Phenotypic traits – why could they be of importance?

Microbes are all around us and constitute not only a considerable part of ourselves (with around 1 bacterial cell for each human cell in the body, as recent studies suggest [1]), but they can also be found in every environment, and so-called extremophiles can even be found in places that are extremely hostile to life [2]. Knowing more about each and every bacterial strain out there may seem like an intriguing task on its own, but finding out about microorganisms’ phenotypes is far more practical. ‘Phenotype’ is a general term that is used to describe the collection of physiological features of a given organism, including its physical form, structure, biochemical characteristics or developmental processes [3]. One concrete phenotypic trait of bacteria is their resistance to antibiotics or lack thereof. As such, with about 35,000 deaths caused each year by antibiotic-resistant bacteria in the US alone [4] and almost as many in Europe [5], it would be hugely beneficial to discover the susceptibilities of given pathogenic strains to the bactericidal drugs at our disposal. This knowledge could drive down the number of victims and the severity of a potential pandemic could be countered as early as possible.

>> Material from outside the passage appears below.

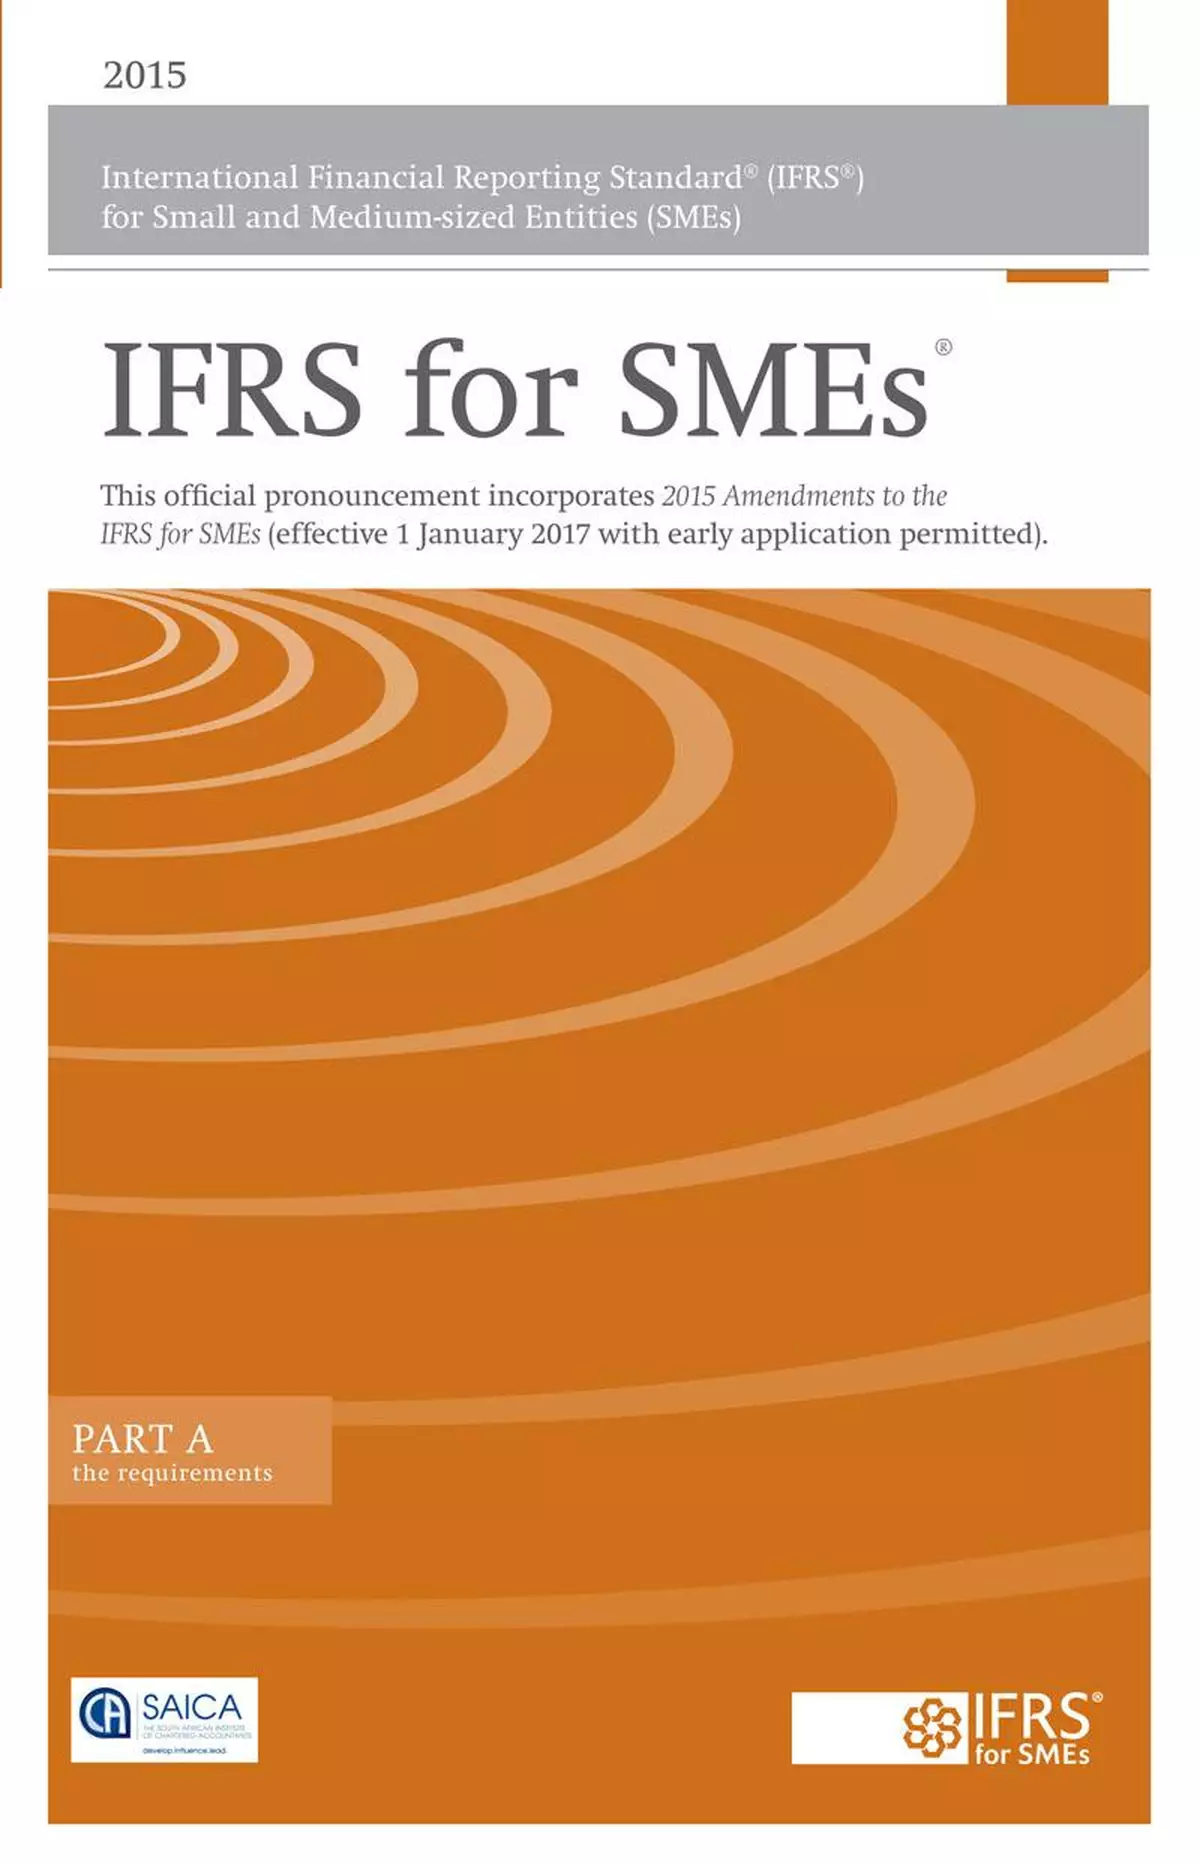 徵求《中小企業國際財務報告準則》修訂意見

Protection against illness-causing microorganisms is one obvious reason to pose questions about phenotypes, but this is not the only reason. The scientific community is finding more and more evidence that microbes can be used to our advantage in treating diseases [16, 17], as early indicators of ailments [18, 19, 21], or  as prebiotics [20, 21]. In order to study such interactions, it is crucial to have access to the strains that could be used in any of these areas. However, a strain needs to be cultivable; in other words, we need to have a way to multiply it in laboratories and deliver it to researchers for further experiments. Culturing (cultivation) of strains entails providing them with the optimal growth conditions for their phenotype. In some cases, determining these conditions can be an extremely time-consuming process. In other cases, animal cells may be indispensable, as they constitute a scaffolding for bacteria to grow on [6]. Knowing phenotypic traits upfront can accelerate the cultivation process and make it cheaper.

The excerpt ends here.